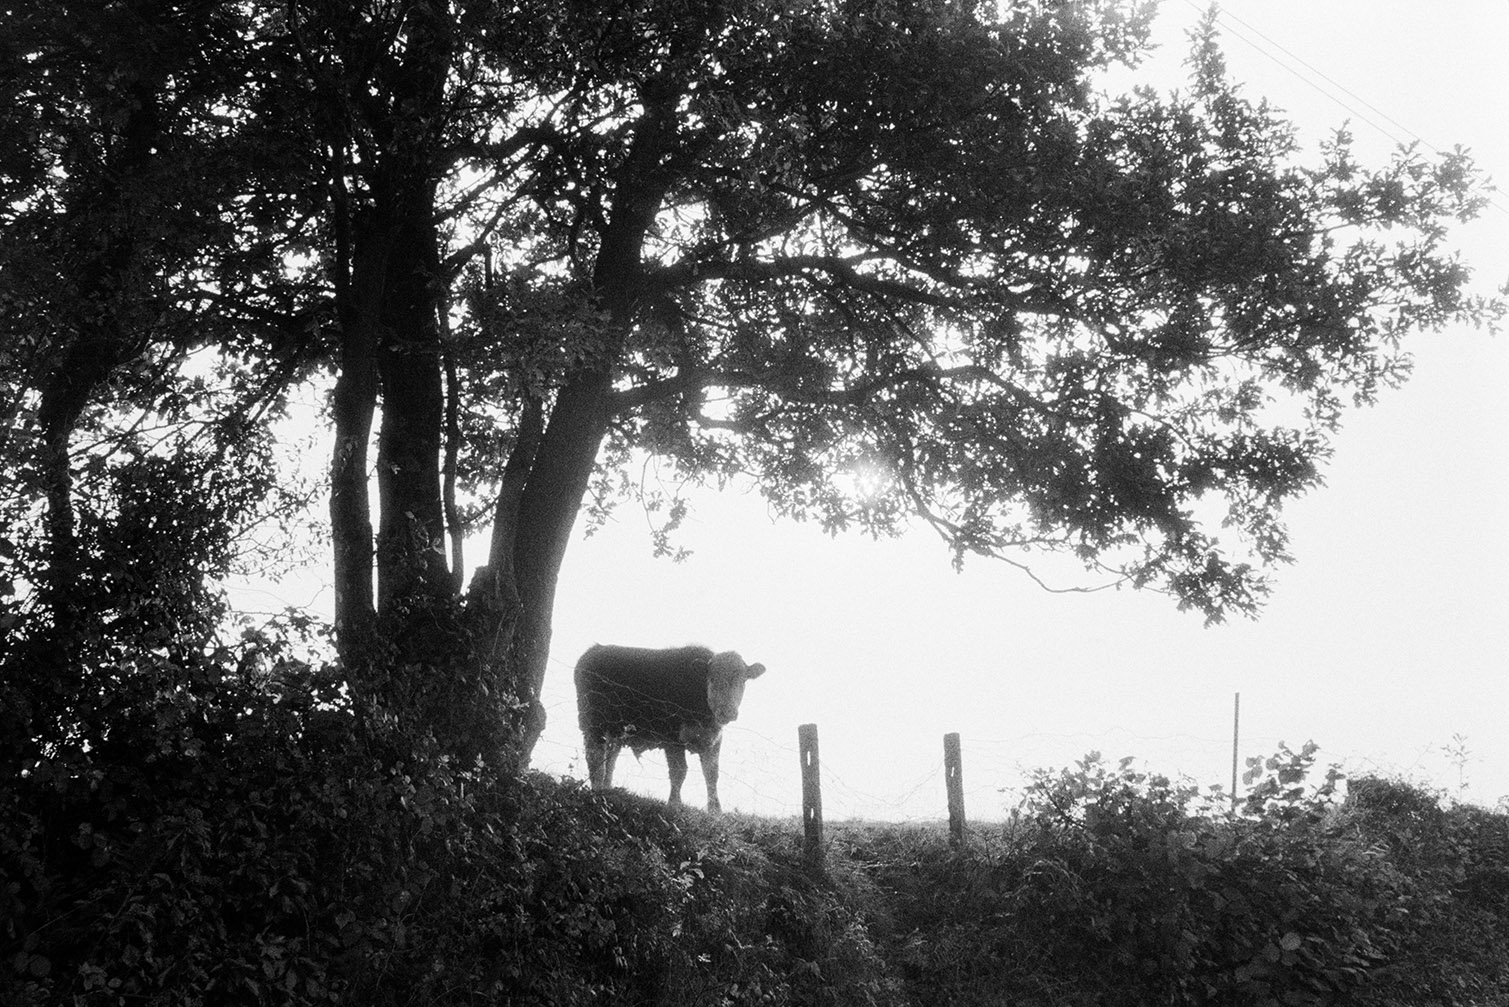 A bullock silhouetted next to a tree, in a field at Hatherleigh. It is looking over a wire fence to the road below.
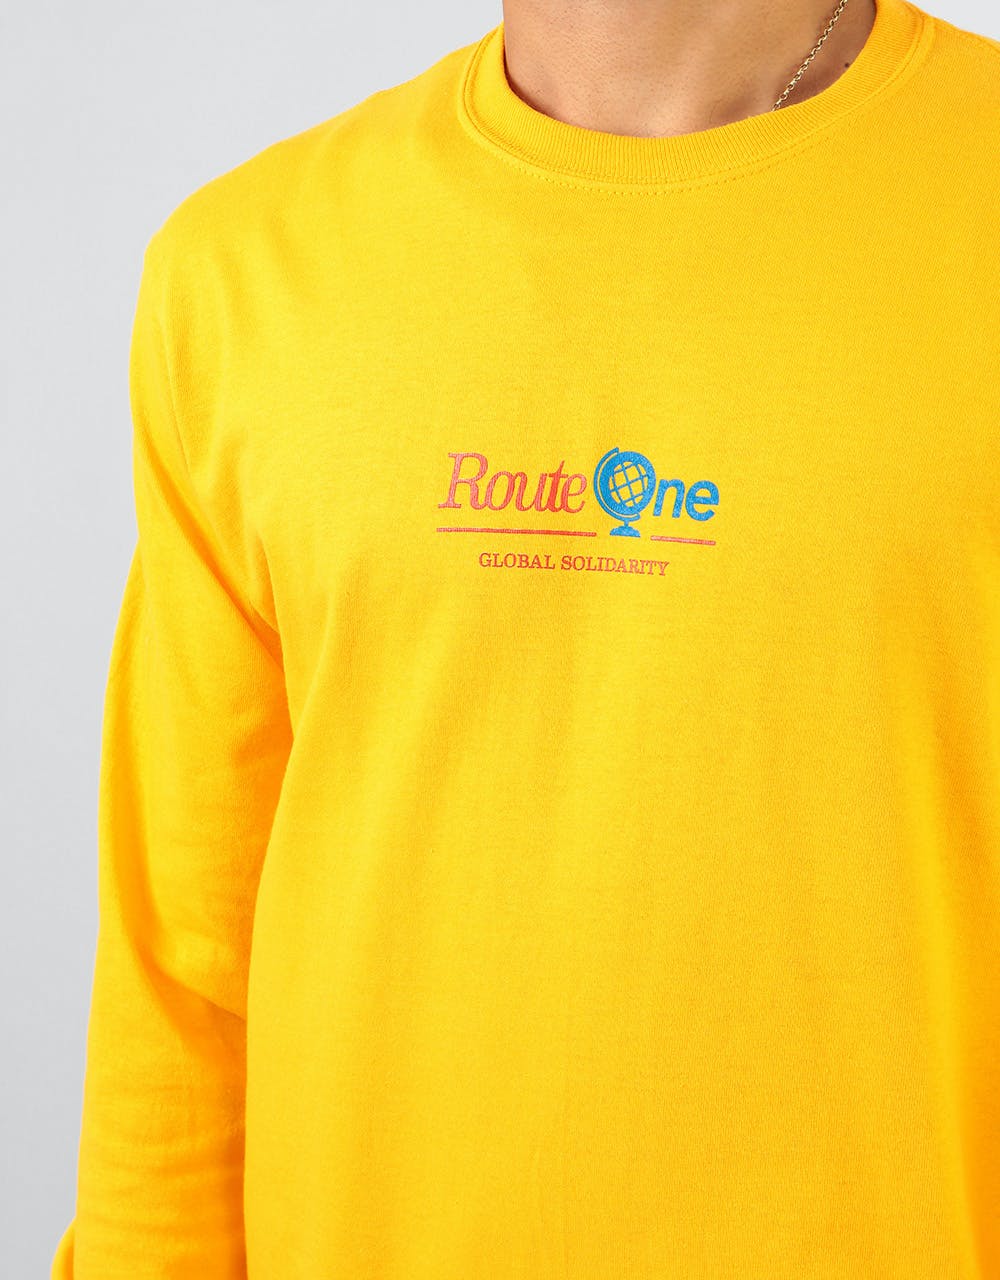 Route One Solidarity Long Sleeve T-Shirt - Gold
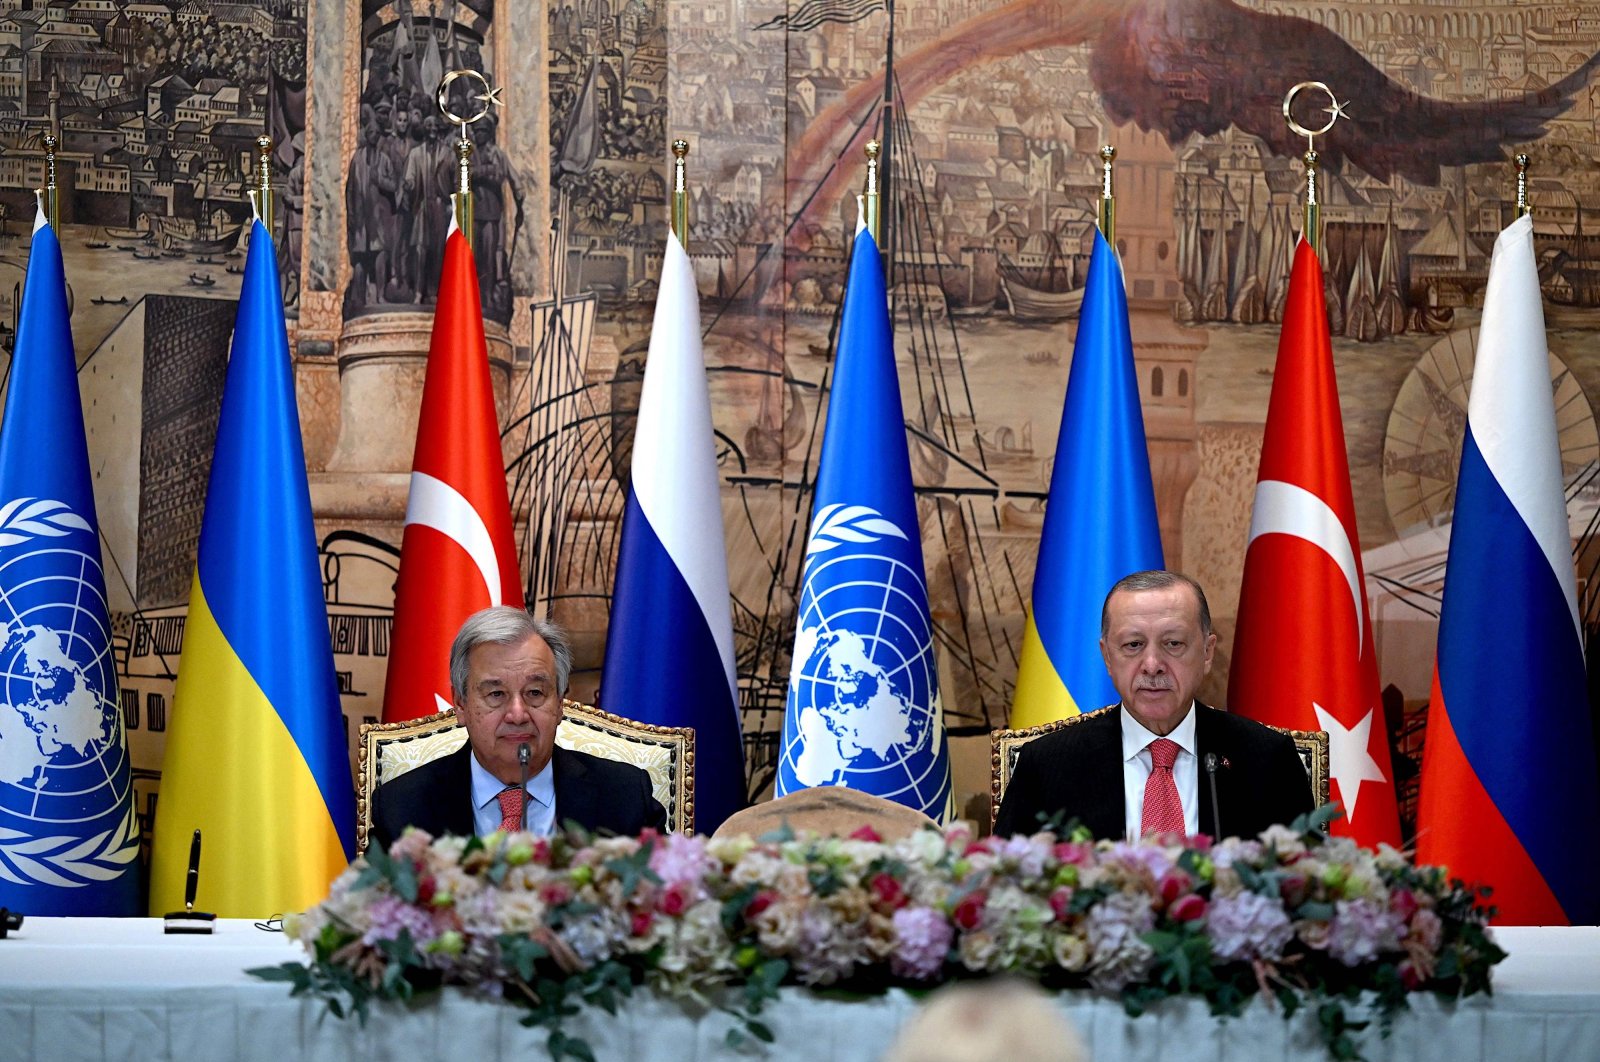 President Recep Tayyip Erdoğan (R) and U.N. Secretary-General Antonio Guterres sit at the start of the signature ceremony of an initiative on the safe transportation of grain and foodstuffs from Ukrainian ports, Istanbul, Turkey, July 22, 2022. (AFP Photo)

▬▬▬▬▬▬

- [Exercise instructions] Print every line of the data exactly. Pictures do not belong in the copy.

- [Task answer]
 A bullock silhouetted next to a tree, in a field at Hatherleigh. It is looking over a wire fence to the road below.
 Route One Solidarity Long Sleeve T-Shirt - Gold
 President Recep Tayyip Erdoğan (R) and U.N. Secretary-General Antonio Guterres sit at the start of the signature ceremony of an initiative on the safe transportation of grain and foodstuffs from Ukrainian ports, Istanbul, Turkey, July 22, 2022. (AFP Photo)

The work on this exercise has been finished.